The invention relates to a method for a local high-doping and contacting of a semiconductor structure, which represents a solar cell or a precursor of a solar cell and comprises a semiconductor substrate of a base doping type.
In photo-voltaic solar cells, based on a silicon semiconductor substrate, a plurality of approaches have been undertaken to achieve high effectiveness in the conversion of incident electromagnetic radiation into electric energy, on the one hand, and cost-effective industrial production, on the other hand. In particular, in solar cells in which an emitter and thus also a pn-junction separating the generated pairs of charge carriers or in the area of the front of the solar cell embodied for incident light typically the electric contacting of the base occurs via a metallic contacting layer arranged at the rear, which is connected in an electrically conductive fashion to the semiconductor substrate. Here, it is essential for yielding high effectiveness that the rear is effectively passivated, i.e. a low surface recombination velocity is achieved for the minority charge carriers, particularly in the area of the rear surface of the semiconductor substrate, as well as a contacting with low contact resistance.

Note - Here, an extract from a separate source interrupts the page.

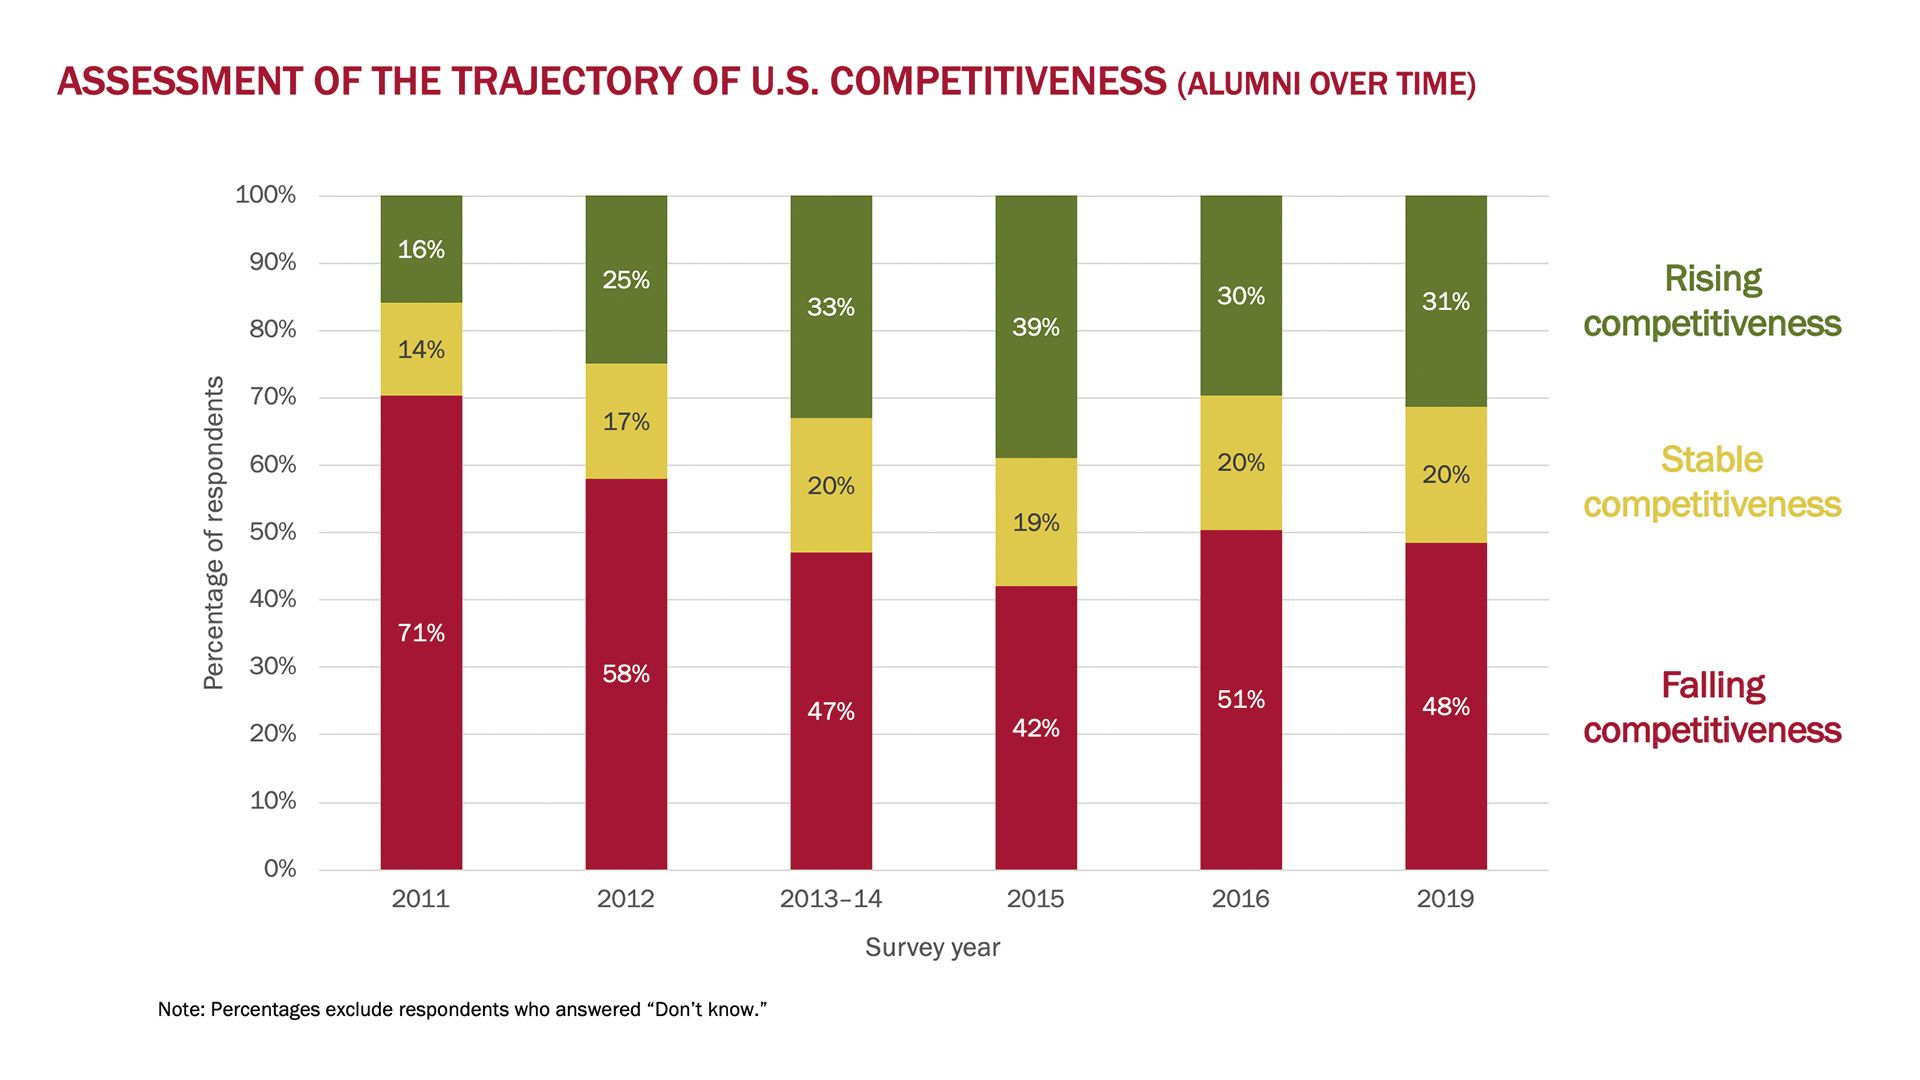 Survey results for U.S. competitiveness

For example, solar cell structures are known in which the rear of the semiconductor substrate is essentially covered entirely with a silicon nitride or silicon dioxide layer such that low surface recombination velocities are yielded. Only at contact points the passivating layer is punctually open and an electrically conductive connection to a metallic contacting layer is given. An increase in effectiveness is achieved by a local high-doping in the area of the contact points, because due to the local high-doping a reduction of the rear recombination and additionally a reduction of the contact resistance are yielded between the metallic contacting layer and the semiconductor substrate. An example for such a solar cell structure is the PERL-structure (passivated emitter, rear locally defused), as described in J. Benick, B. Hoex, G. Dingemans, A. Richer, M. Hermle, and S. W. Glunz “High-efficiency n-type silicon solar cells with front side boron emitter”, in Proceedings of the 24th European Photovoltaic Solar Energy Conference (Hamburg, Germany), 2009. This structure, which allows a rear contacting to yield high effectiveness, requires for its production, in addition to the supplementary diffusion to yield the high-doping areas, some additional photo-lithographic steps, so that an industrial implementation of this solar cell—structure is not practicable or at least very cost intensive.
A solar cell structure with low recombination velocities at the rear could be realized by the HIT-structure, which compared to the PERL-structure allows an easier industrial implementation. The HIT-structure is described in EP 1 187 223 A2 and M. Taguchi, Y. Tsunomura, H. Inoue, S. Taira, T. Nakashima, T. Baba, H. Sakata, and E. Maruyama, “High-efficiency HIT solar cell on thin (<100 μm) silicon wafer,” in Proceedings of the 24th European Photovoltaic Solar Energy Conference (Hamburg, Germany), 2009. At the rear of a HIT-solar cell a hetero-junction is formed by a layer structure being applied to the rear of the silicon semiconductor substrate, comprising a thin intrinsic layer comprising amorphous silicon, a thin doped layer of amorphous silicon, and a transparent, conductive oxide. The layer of intrinsic amorphous silicon ensures a highly efficient passivation of the rear and thus low recombination velocities for the minority charge carriers. However, simultaneously this layer must be sufficiently thin to allow a charge carrier traveling via tunnel processes into the doped layer located thereabove comprising amorphous silicon. This leads to the requirement for the layer thickness and the quality of the amorphous silicon layers to be very high, particularly regarding the precision during the application process of the layers with regards to the layer thickness and also the material quality. High effectiveness can be achieved with this solar cell concept only if these high requirements are ensured.